As a European I have to admit I am these days more worried about the US than China. See yesterday's article about the US government forcing Microsoft to give them lists of Dutch government officials. Utter madness. At least the Chinese mainly care about the money and power levers, the US about strange worlds of revenge and manipulation, trying to change or influence your government. E.g. which of the two countries has put crippling personal sanctions on staff of the international criminal court?
Honestly I'd love to love the US again, but basically after Obama things have just gone down and down and no soul will trust the US again in the next generation or two.
The situation you reference is related to a specific investigation by US congress requesting documents about potentially illegal censorship actions by EU officials from a specific company (microsoft). The difference is that the laws in china are broadly defined to include giving all intellectual property of anyone back to the government with no oversight, for the purposes of espionage.
The former relates to a specific investigation about potential criminal activity, the latter relates to broad illegal activity committed by the government itself unrelated to any specific case.
The US has no laws on the books forcing companies to wantonly give intellectual property and other espionage level material back to the government. If they did, no one would use cloud providers.
To avoid this, you can run your own hosted machine in a colocation facility, because in the US, people do have reduced rights when their data is controlled by a third party versus being controlled by themselves.

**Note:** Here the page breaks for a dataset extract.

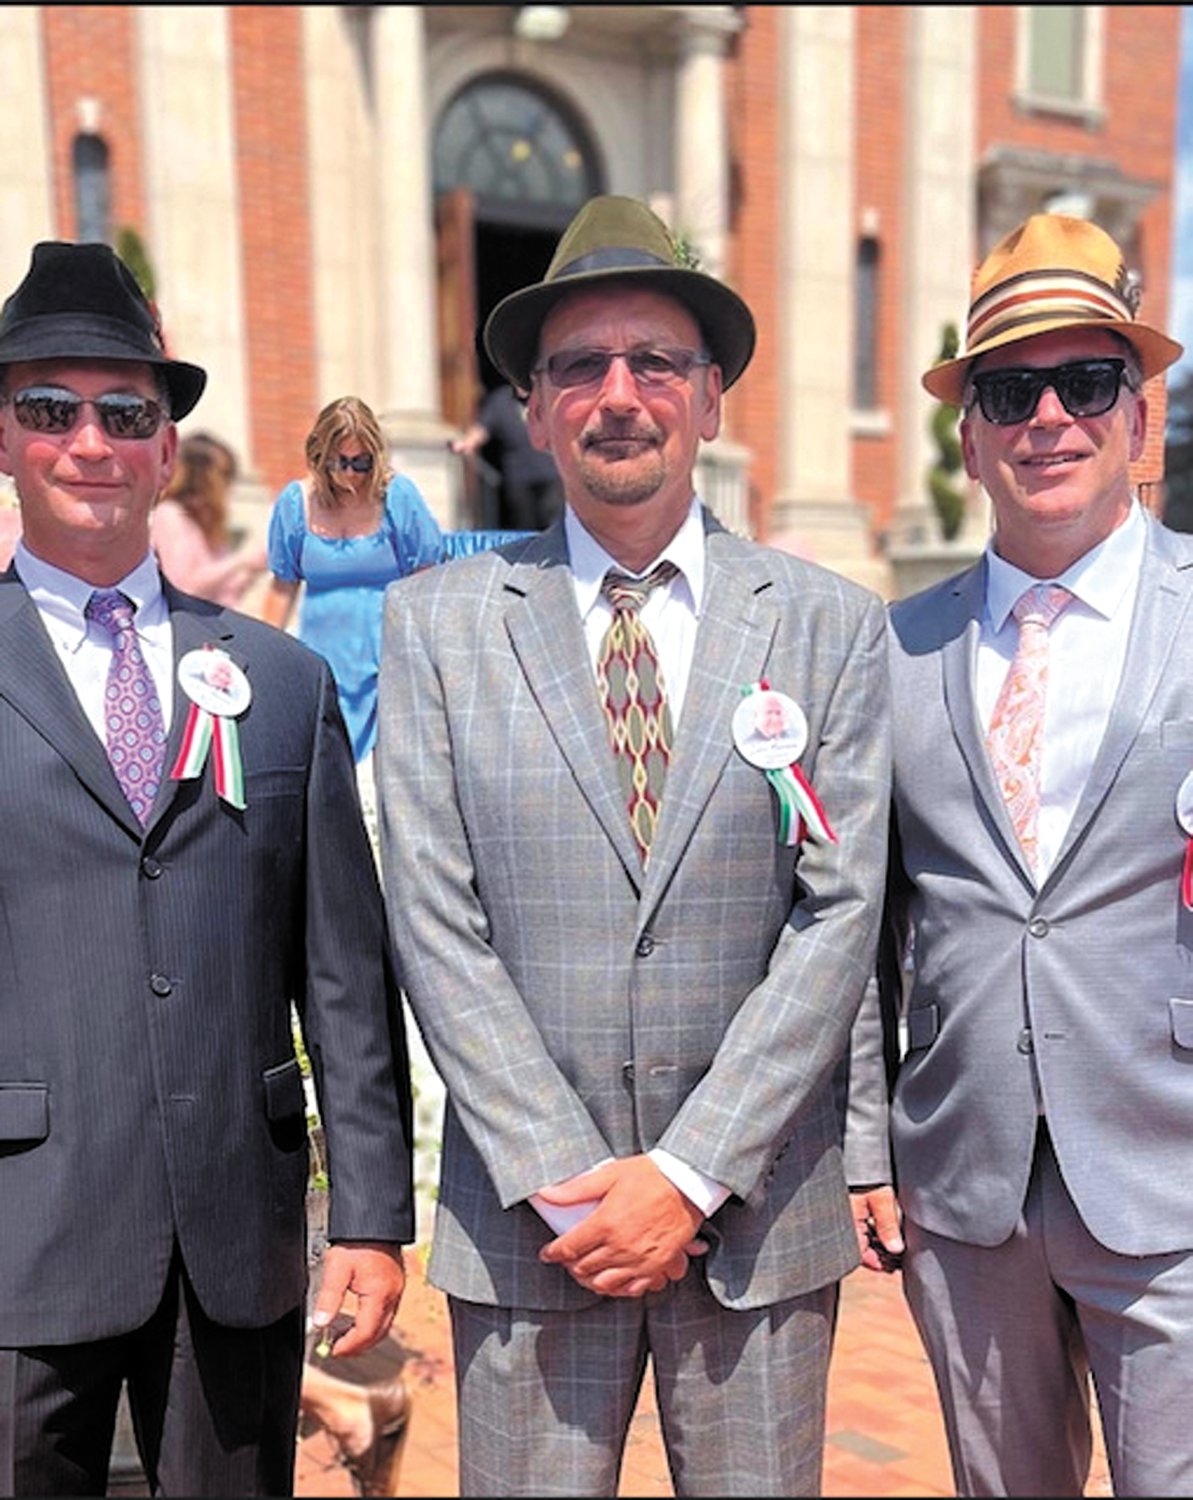 HONORING DAD: Lucio Mancini’s sons dressed up in suits and hats to honor their father who walked in the St. Mary’s Feast procession each year. (From left) Alberico Mancini, Danilo Mancini and Marco Mancini. (Submitted photo)

Its the same as if the data was in your house, they would need a search warrant to obtain it, but when its at a Azure or AWS datacenter not controlled by you, your privacy rights are reduced by doing this.
I think many are trying to move away from US providers actually. FISA section 702 and the current administrations liberties taken towards international law are not helping. The trust problem is real.

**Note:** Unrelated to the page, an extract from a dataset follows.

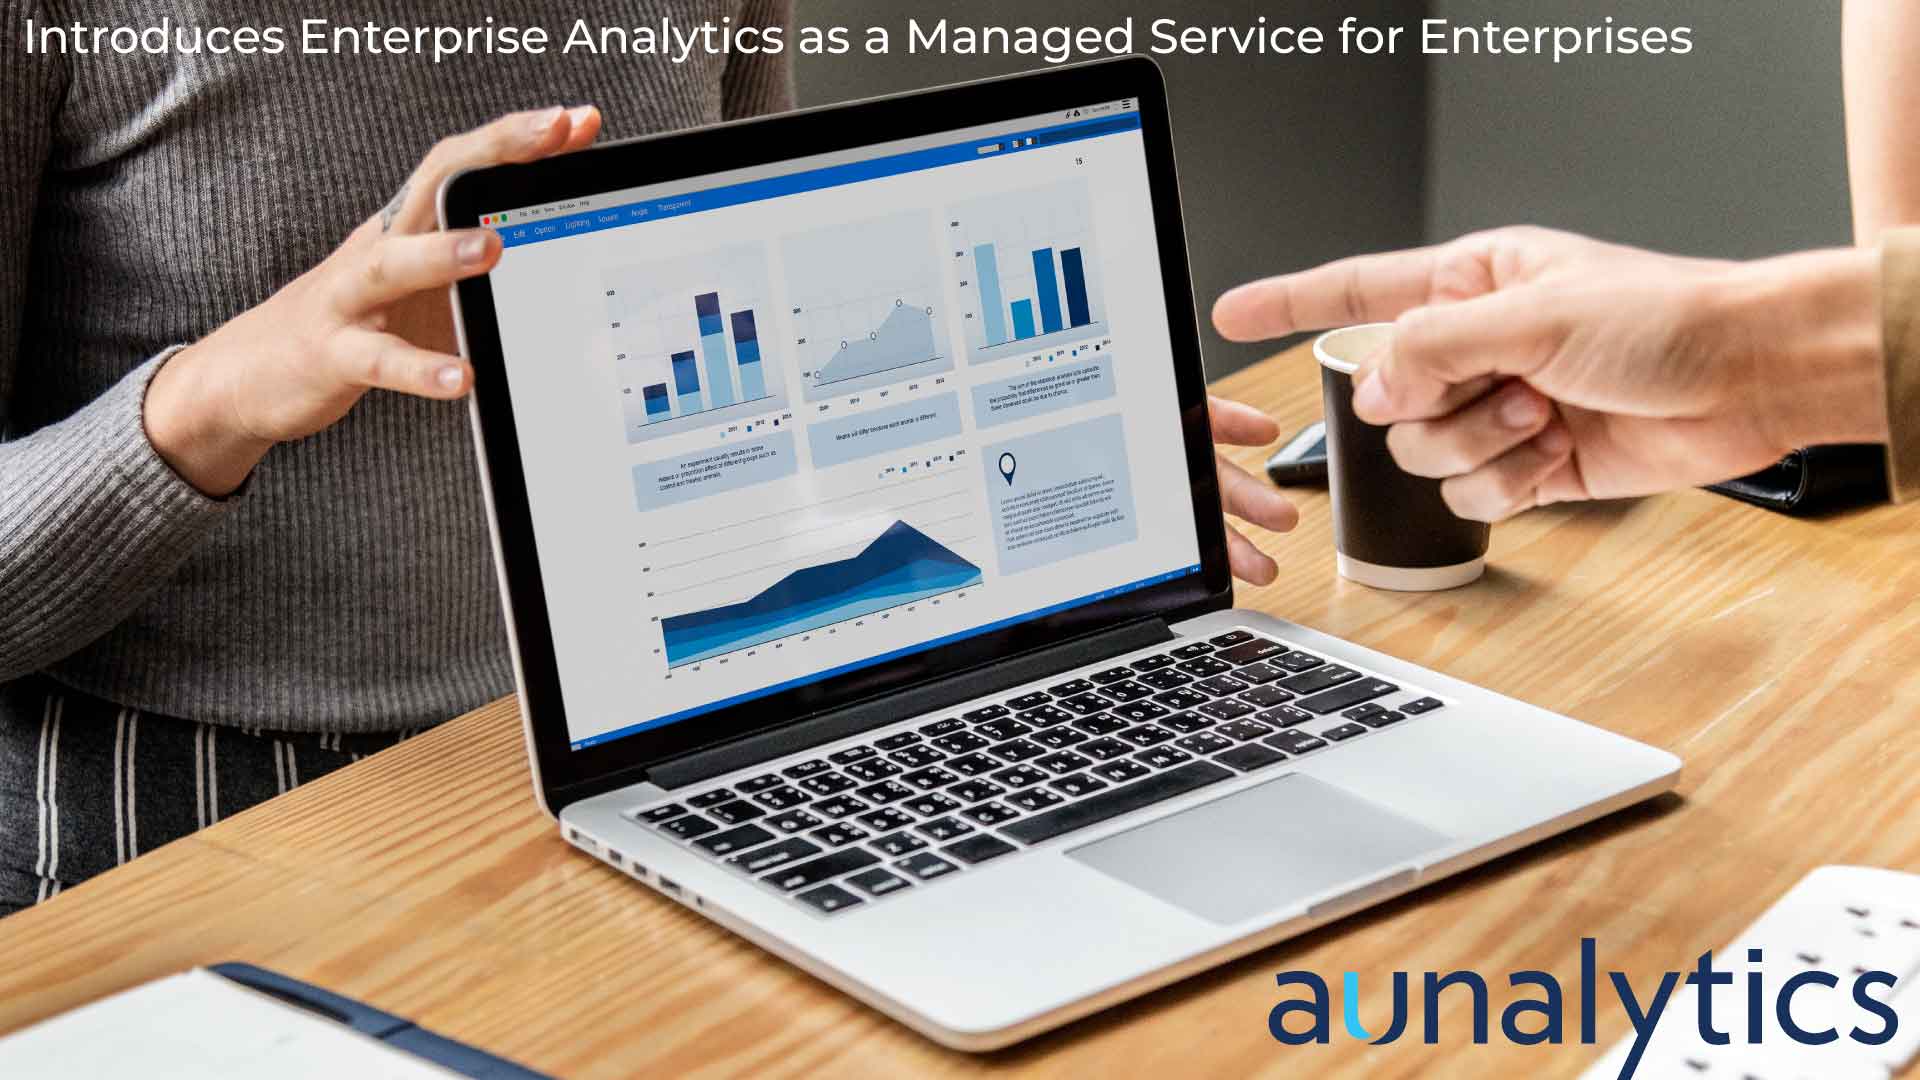 Aunalytics Introduces Enterprise Analytics as a Managed Service for Enterprises in Secondary and Tertiary Markets

Not sure I’d trust China with anything onshore. But offshore, it does seem they play by the rules, because it pragmatically serves the stability of the people. China has not started wars in the past 50 years or so. By that logic one may assume they’d not abuse the arguably broad powers over Chinese firms abroad to risk one now.

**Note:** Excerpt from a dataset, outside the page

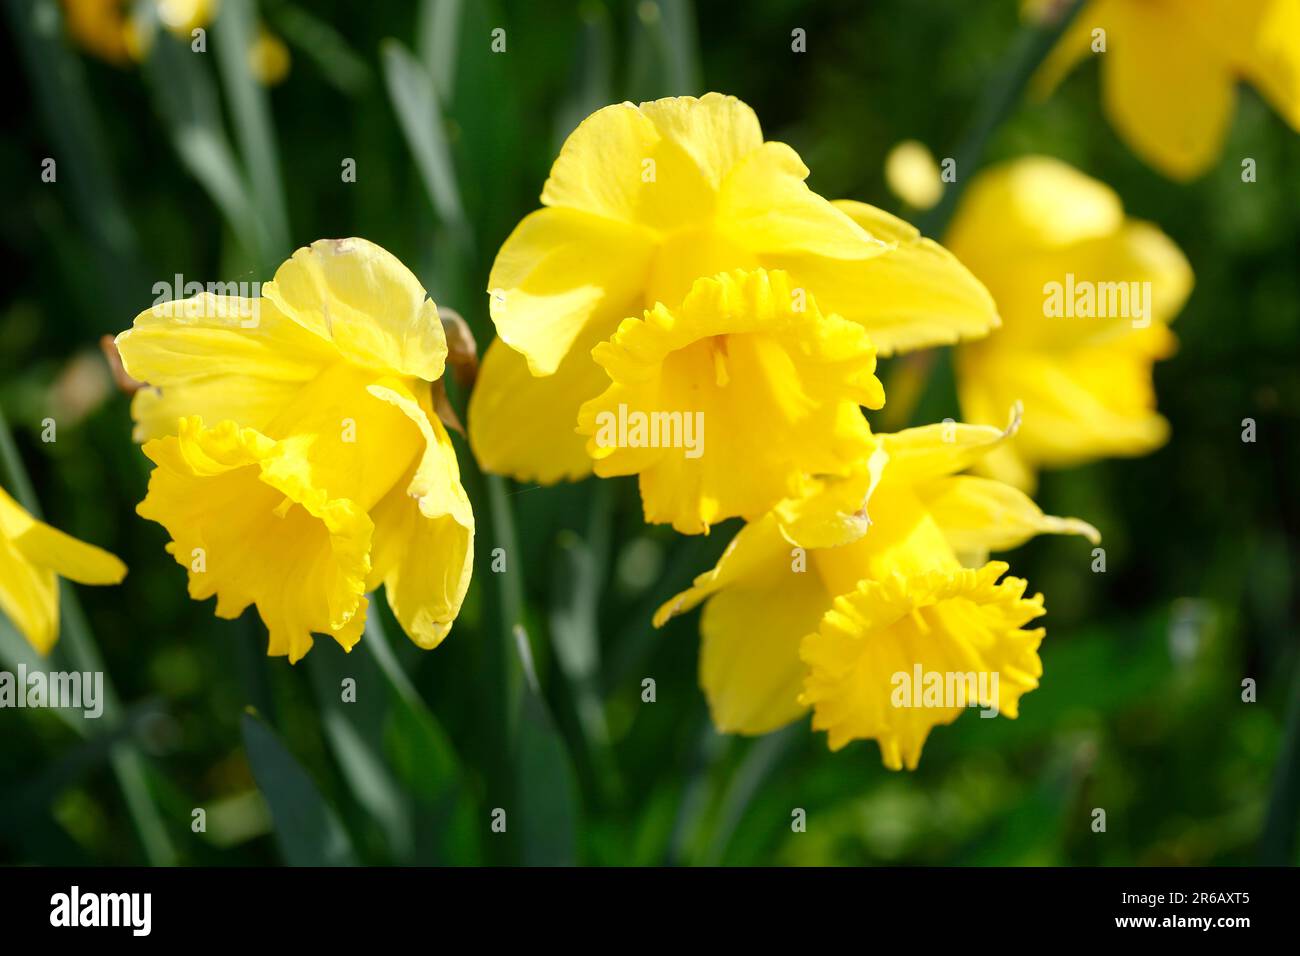 Yellow Daffodils, Daffodil Flower (Narcissus Pseudonarcissus), Germany Stock Photo

In a world where rules are increasingly less important how states use power matters more to me than how they claim to be monitored.
Besides the language barrier it’s actually also just simpler to do business with the Chinese. There are issues like censorship but they are known & can be routed around. It’s best to just ignore the US and move your business elsewhere.
so govt forcing a private coroporation being a big deal that a its on the worldwide news is more scary to you than an implicit mandate that china forces on its companies?
The four biggest (obvious) backdoor countries in the world in no particular order the United States, Israel, Russia, China. Honorable mentions, North Korea, Ukraine…
I forbidden from working on the company code with DS, but if I have a private something that looks pretty much like one of the thousands repositories put there, it doesn't matter that much.
Yeah, but it's miles better than giving Anthropic and OpenAI your data. At least Deepseek is releasing open-weight models and a lot of open-source libraries.
If you're concerned about espionage then the only solution is host the models yourself, which again, only open-weight models like Deepseek enable you to do this.
Obviously, if you do deal with any sort of secrets, then using local LLMs over OpenAI, Anthropic, DeepSeek or whoever is obviously preferred, and in the case of personal data of users, probably a requirement.